Саг-Сагайло закрыл глаза и медленно отсчитал до десяти в мертвой тишине, потом вежливо спрашивает:
— Кто здесь эту самодеятельность проявил? Кто эту сыромятную веревку привязал и меня не предупредил?
Я догнал окуляр где-то уже в ватервейсе, вернулся и доложил, что хотел сделать лучше, что единственный целый бинокль использовать без ремешка было опасно…
Саг-Сагайло еще до десяти отсчитал и говорит:
— Ничего, Петр Иванович, всяко бывает. Не расстраивайтесь. Доберемся домой и без бинокля. Или, может, на ледоколах раздобудем за картошку.
И хотя он сказал это вежливым и даже, может быть, мягким голосом, но на душе у меня выпал какой-то осадок.
Дали ход, легли на Землю Унге.
Эдуард Львович у правого окна стоит, я — у левого.
Морозец уже над Восточно-Сибирским морем. Стемнело. Погода маловетреная. В рубке тихо, но тишина для меня какая-то зловещая.
Все мы знаем, что — если на судне происходит одна неприятность, то жди еще две — для ровного счета. Чувствую: вот-вот опять что-нибудь случится. Но стараюсь волевым усилием отвлекать себя от этих мыслей.
Через час Саг-Сагайло похлопал себя по карманам и ушел с мостика вниз.
— Плывите, — говорит, — тут без меня.
Остался я на мостике один с рулевым и думаю: «Что бы сделать полезного?» А делать ровным счетом нечего: берегов уже нет, радиомаяков нет, небес нет, льдов пока еще тоже нет. В окна, думаю, дует сильно. Надо, думаю, окно капитанское закрыть. И закрыл.
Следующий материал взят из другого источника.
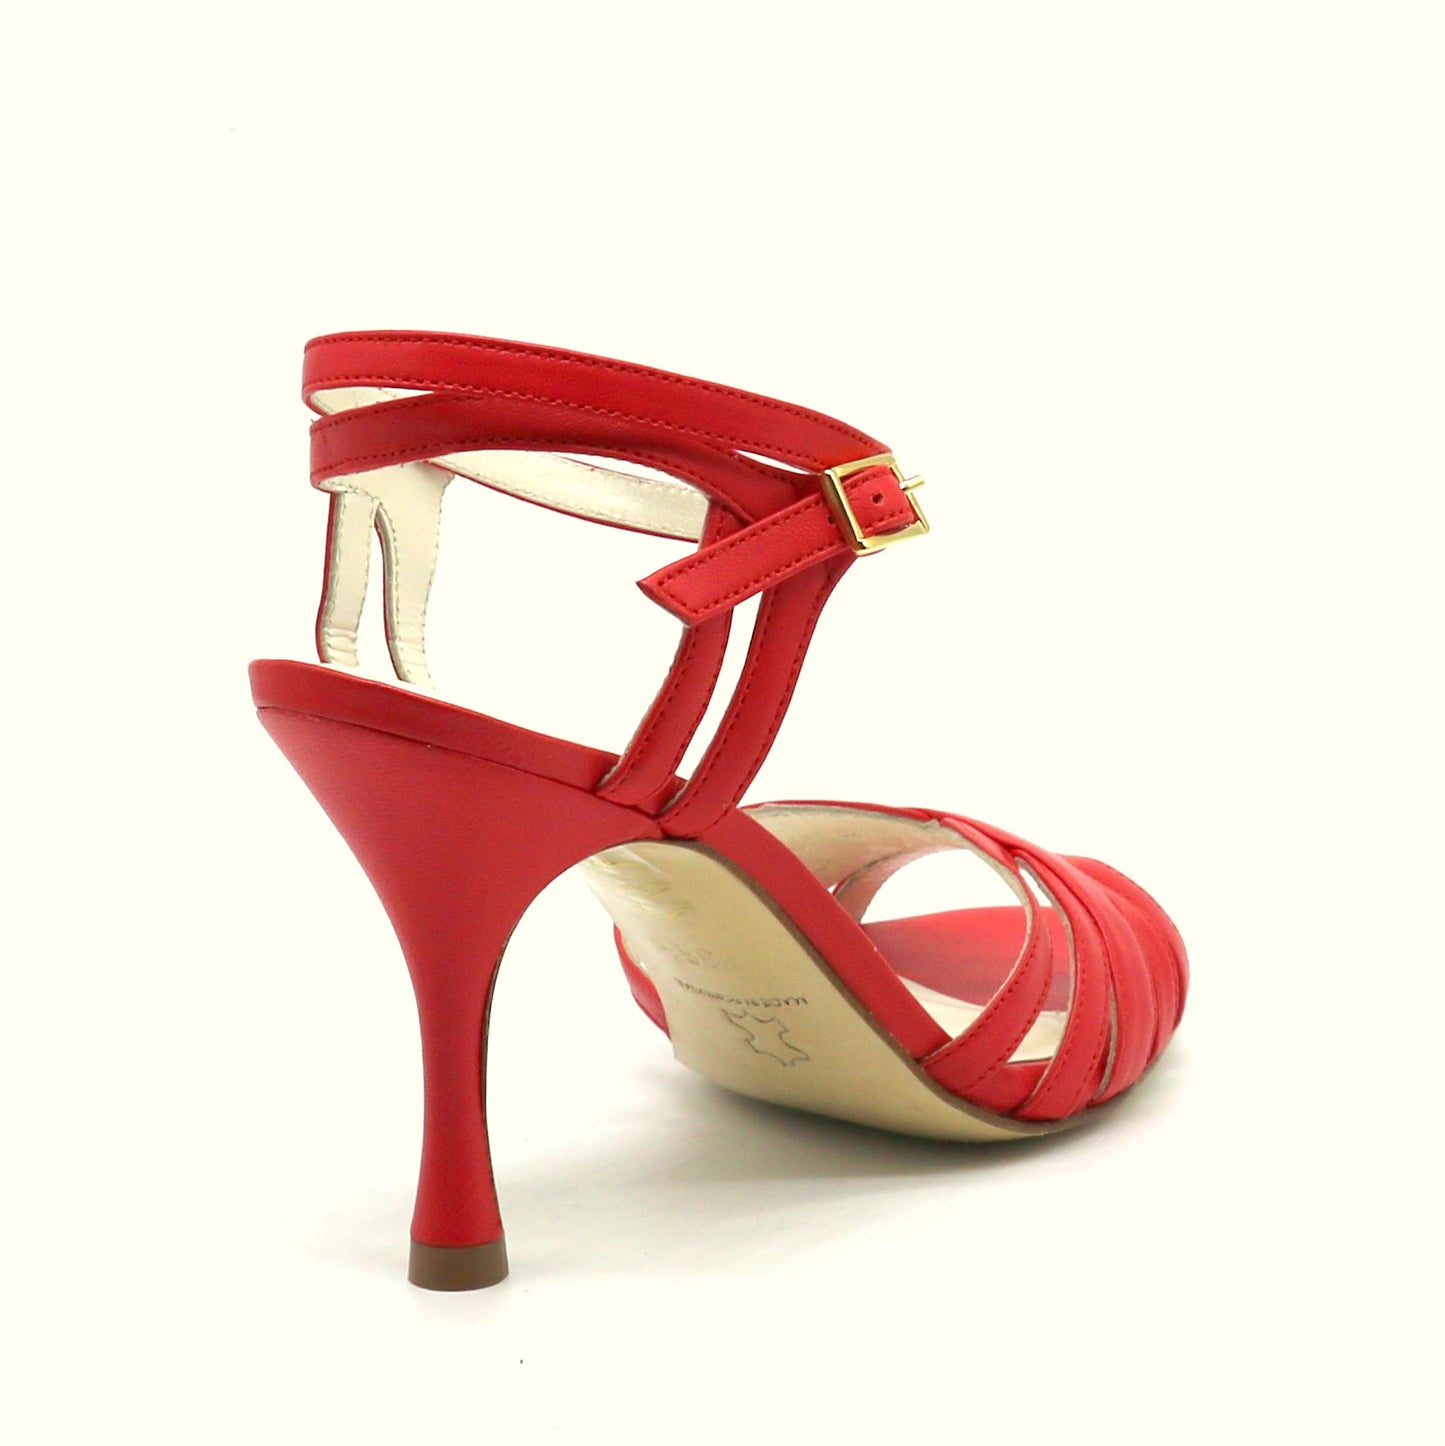 Libre coral red heels 8cm

Ведь какая мелочь: окно там закрыл человек или, наоборот, открыл, но когда образуется между людьми эта психологическая несовместимость, то мелочь вовсе не мелочь.
Так через полчасика появляется Эдуард Львович и, попыхивая трубкой, шагает своими широкими, решительными шагами к правому окну, к тому, что я закрыл, чтобы не дуло.
Я еще успел отметить, что когда Саг-Сагайло старпомом был, то курил сигареты, а стал капитаном — трубку завел. Только я успел это отметить, как Саг-Сагайло с полного хода высовывается в закрытое окно. То есть высунуться-то ему, естественно не удалось. Он только втыкается в стекло-сталенит лбом и трубкой. Из трубки ударил сноп искр, как из паровоза дореволюционной постройки. А я — тут уж нечистая сила водила моей рукой — перевожу машинный телеграф на «полный назад». Звонки, крик в рубке, и попахивает паленым волосом.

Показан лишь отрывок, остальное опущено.